Cette discipline du dossier n'est pas propre aux catastrophes naturelles : c'est la même rigueur qui fait la différence après une fuite, comme le montre notre guide du dégât des eaux. La méthode s'apprend une fois, elle sert à chaque sinistre.
Vos questions sur l'indemnisation catastrophe naturelle
Quel est le délai pour déclarer une catastrophe naturelle à son assureur ?
Le délai est de 30 jours, mais il ne démarre qu'à la parution de l'arrêté interministériel au Journal officiel : c'est de cette date que court votre obligation de déclarer. En pratique, n'attendez surtout pas cette parution — signalez les dommages à votre assureur dès qu'ils surviennent : votre dossier sera ouvert, horodaté, puis mis en attente de la reconnaissance officielle.
Quelle franchise s'applique en cas de catastrophe naturelle ?
Pour un logement, la franchise légale est de 380 € sur la plupart des périls (inondation, coulée de boue, séisme), et elle grimpe à 1 520 € dès lors que les désordres proviennent de la sécheresse-réhydratation des sols. Ces montants sont fixés par la réglementation : ils s'appliquent même si votre contrat prévoit une franchise plus basse, et ils ne peuvent pas être rachetés.

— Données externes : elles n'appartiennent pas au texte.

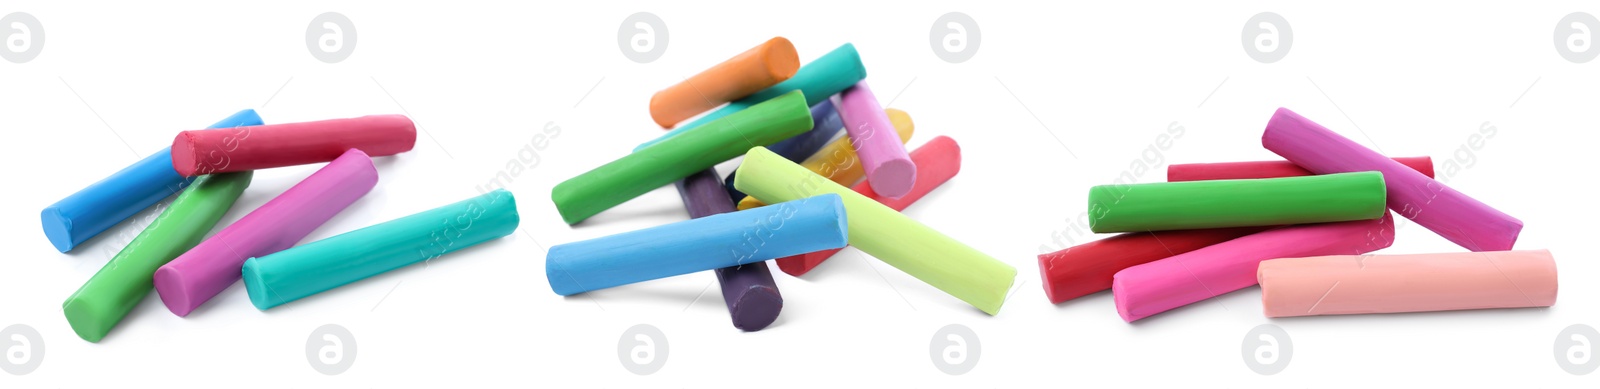 Image of Set with different colorful plasticine pieces on white background. Banner design

La tempête ou la grêle sont-elles des catastrophes naturelles ?
Non. La tempête est couverte par une garantie imposée par la loi dans tout contrat couvrant vos biens (art. L122-7 du Code des assurances), la grêle et la neige par des garanties contractuelles, quasi systématiquement incluses dans une MRH — mais vérifiez vos conditions générales : le poids de la neige et les dépendances, vérandas ou abris de jardin font souvent l'objet de limites ou d'exclusions propres à chaque contrat. Aucun arrêté interministériel n'est donc à attendre, et c'est la franchise du contrat qui s'applique. Le régime CatNat, lui, est réservé aux phénomènes non assurables autrement : inondation, coulée de boue, séisme ou sécheresse. Une exception toutefois, essentiellement en outre-mer : les vents cycloniques d'intensité exceptionnelle basculent dans le régime CatNat, le seuil retenu étant de 145 km/h en moyenne sur dix minutes, ou de 215 km/h en pointe.
Ma maison se fissure après une sécheresse : comment être indemnisé ?
Il faut d'abord qu'un arrêté reconnaisse l'état de catastrophe naturelle sécheresse-réhydratation des sols pour votre commune, ce qui suppose une demande déposée en mairie dans les 24 mois suivant le début de l'événement. Déclarez ensuite vos fissures à votre assureur sous 30 jours. L'expert vérifiera alors deux points, et non un seul : que la sécheresse est bien la cause déterminante des désordres, et que ceux-ci affectent la solidité du bâti ou rendent le bâtiment impropre à son usage (art. L125-2) — des microfissures purement esthétiques ne sont pas indemnisées. La franchise légale est de 1 520 €, et l'indemnité doit être affectée aux travaux de réparation.